WHAT TO PRODUCE »
Each line in the entries below that holds the string "Jeep" must be copied.

RECORDS PROVIDED »
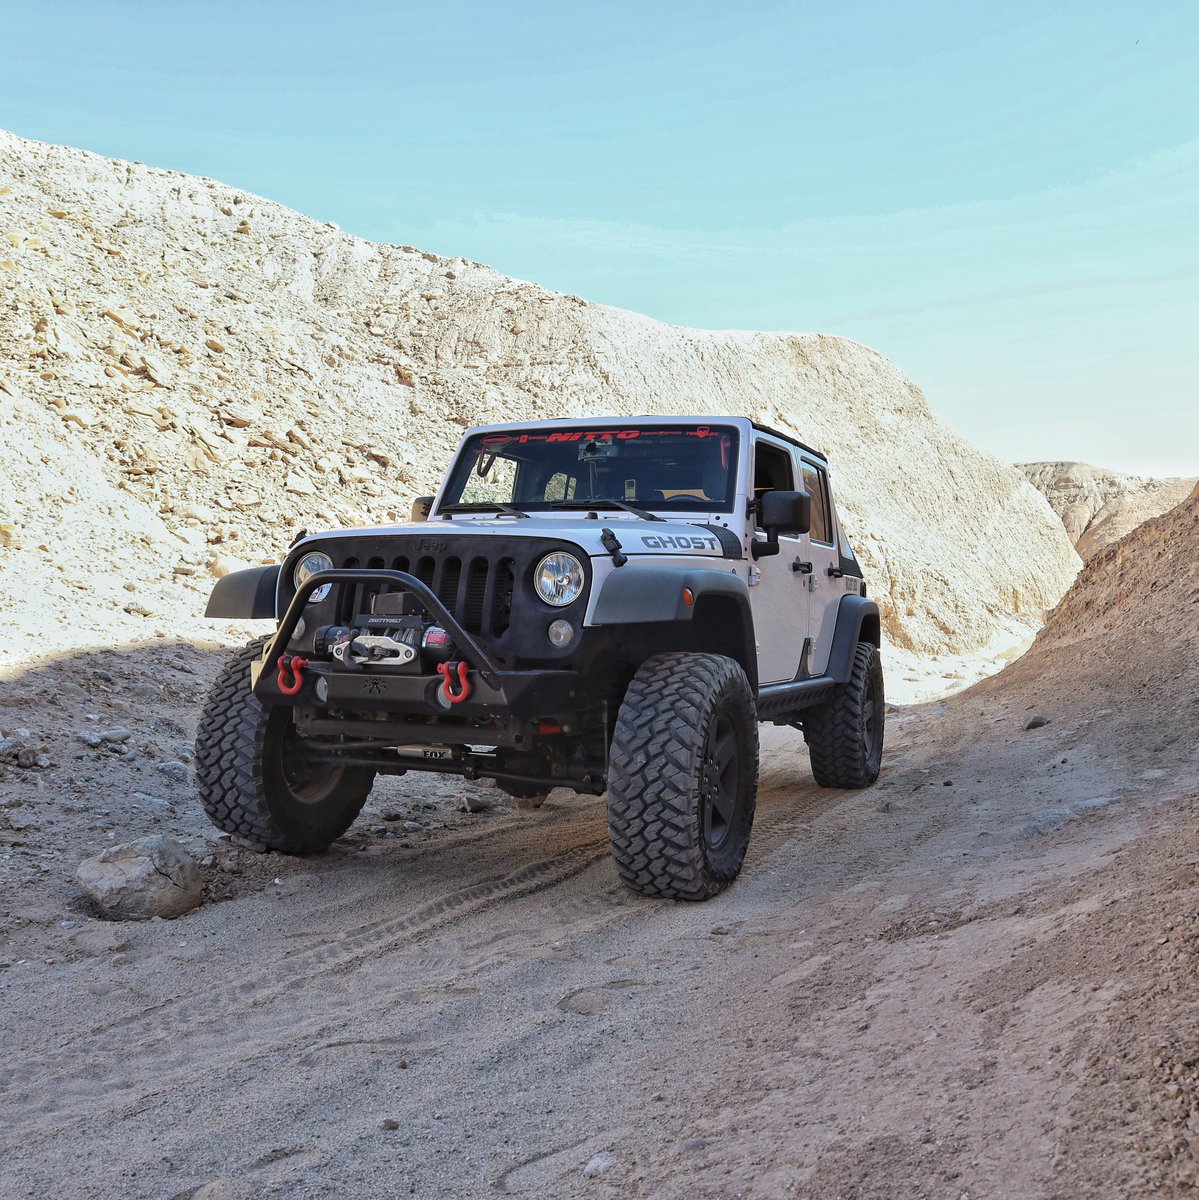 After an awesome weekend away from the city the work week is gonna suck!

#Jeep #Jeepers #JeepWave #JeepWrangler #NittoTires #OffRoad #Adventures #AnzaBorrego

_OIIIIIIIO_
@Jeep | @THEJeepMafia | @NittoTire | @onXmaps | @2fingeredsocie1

--

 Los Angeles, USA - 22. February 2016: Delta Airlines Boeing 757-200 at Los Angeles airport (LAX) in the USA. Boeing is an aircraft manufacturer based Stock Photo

FINISHED EXERCISE »
#Jeep #Jeepers #JeepWave #JeepWrangler #NittoTires #OffRoad #Adventures #AnzaBorrego
@Jeep | @THEJeepMafia | @NittoTire | @onXmaps | @2fingeredsocie1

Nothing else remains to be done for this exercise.